En cas de décès, il peut donc hériter, même si la séparation est déjà effective.

4. Nouveauté 2023 : suppression possible de la réserve du conjoint

Depuis le 1er janvier 2023, le droit suisse permet, dans certaines situations, de supprimer la réserve héréditaire du conjoint avant même le divorce.

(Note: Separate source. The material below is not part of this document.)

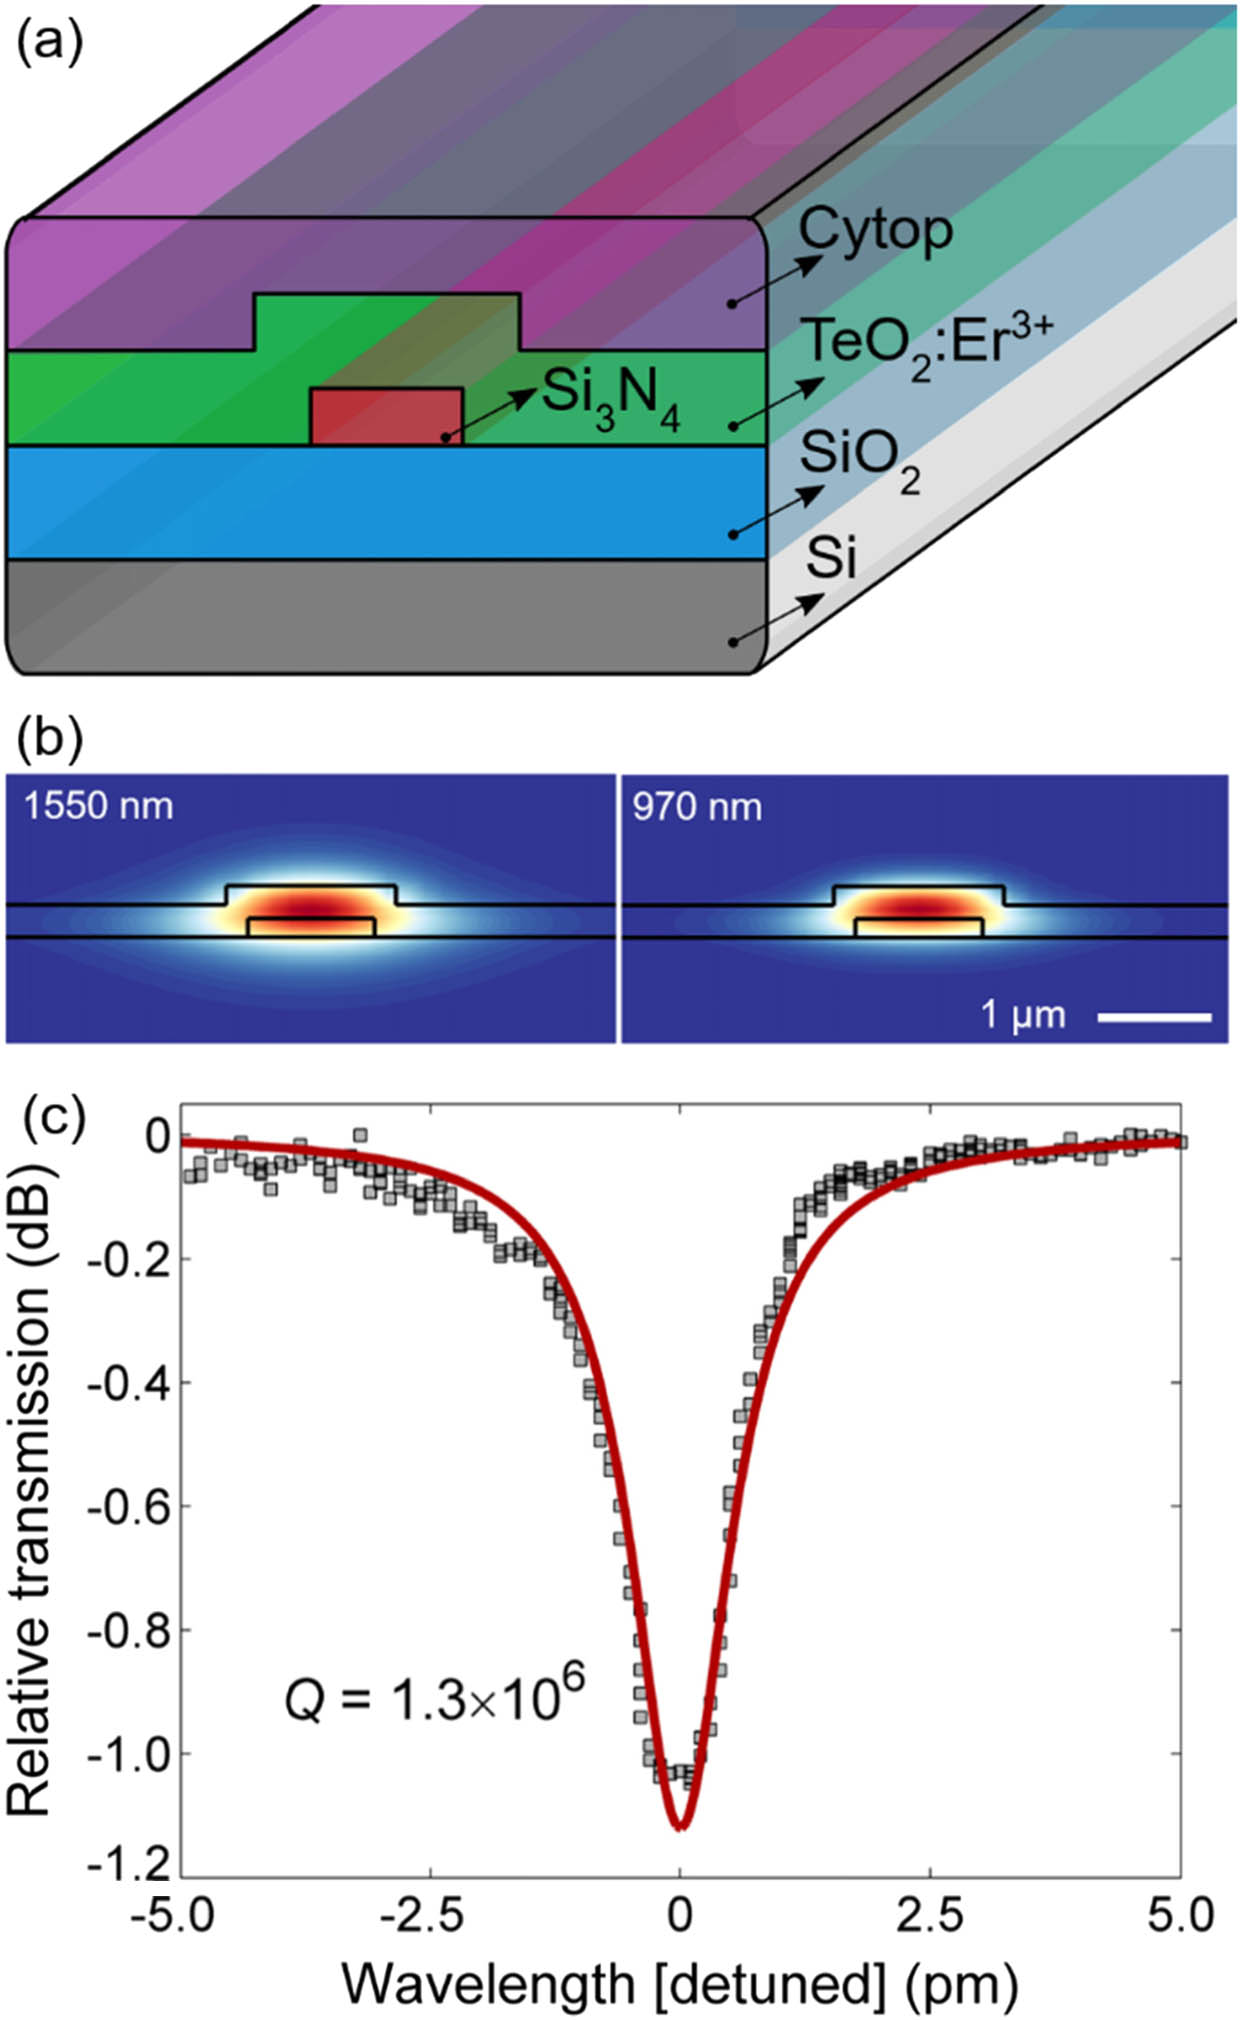 (a) Diagram of the TeO2:Er3+-coated Si3N4 waveguide structure. (b) Calculated optical electric-field profile for the fundamental 1550 and 970 nm TE waveguide modes. (c) Resonance spectrum of a TeO2:Er3+-coated Si3N4 waveguide ring resonator with a 400 μm radius and 2.6 μm nominal gap at a wavelength of 1637 nm. The data is fit using coupled mode theory to extract an intrinsic Q factor of 1.3×106 corresponding to 0.25 dB/cm waveguide loss.

Conformément à l’art. 472 al. 2 CC, vous pouvez priver votre conjoint de sa réserve si :

  • une procédure de divorce ou de séparation de corps est pendante, et
  • soit la procédure a été introduite d’un commun accord,
  • soit les époux vivent séparés depuis au moins deux ans

Dans ces cas, il devient possible d’exclure totalement le conjoint de votre succession par testament.

 

Conditions strictes

  • Les conditions doivent être remplies au moment du décès
  • La rédaction du testament doit être claire et juridiquement correcte

À défaut, le conjoint pourra faire valoir sa réserve.

 

5. Que faire concrètement ?

Modifier immédiatement son testament

Dès le début de la procédure de divorce, il est recommandé de :

  • révoquer les dispositions en faveur du conjoint
  • rédiger un nouveau testament

Selon votre situation, vous pouvez :

  • attribuer la quotité disponible à d’autres personnes
  • ou, si les conditions sont remplies, supprimer la réserve du conjoint

 

6. Peut-on exhéréder son conjoint ?

En dehors des cas liés au divorce, l’exhérédation reste possible uniquement dans des situations graves (art. 477 CC) :

  • infraction pénale grave
  • violation grave des devoirs familiaux

Le divorce ou la séparation ne suffisent pas.

 

7. Attention aux assurances et à la prévoyance

Un point essentiel souvent oublié :

Les prestations suivantes ne font pas partie de la succession :

  • 2e pilier
  • 3e pilier
  • assurance-vie

Elles suivent leurs propres règles.

 

Démarches à effectuer

Dès la procédure de divorce :

  • modifier les bénéficiaires auprès de votre caisse de pension
  • adapter votre pilier 3a
  • revoir vos assurances-vie

À défaut, votre conjoint pourrait rester bénéficiaire.

 

8. Les erreurs à éviter

  • Penser que la procédure de divorce suffit
  • Ignorer la réserve du conjoint
  • Ne pas adapter ses assurances
  • Négliger les conséquences fiscales

En Suisse, la fiscalité successorale varie fortement selon le canton (Genève, Vaud, etc.).

 

9. Démarches recommandées

Le bon timing

  1. Début de la procédure → modifier immédiatement le testament
  2. Pendant la procédure → adapter assurances et prévoyance
  3. Après le divorce → refaire un testament complet

 

Quelle forme choisir ?

Selon les art. 498 ss CC :

  • testament olographe (rapide et simple)
  • testament public (sécurisé)
  • testament oral (exceptionnel)

 

Conclusion : une réforme qui change la donne

Avant 2023, il était impossible d’exclure totalement son conjoint avant le divorce.

Aujourd’hui, ce n’est plus toujours le cas.

Dans certaines situations, vous pouvez désormais :

✔ supprimer sa réserve
✔ l’exclure totalement de votre succession
✔ protéger efficacement vos volontés

Mais ces mécanismes restent techniques et doivent être utilisés avec précision.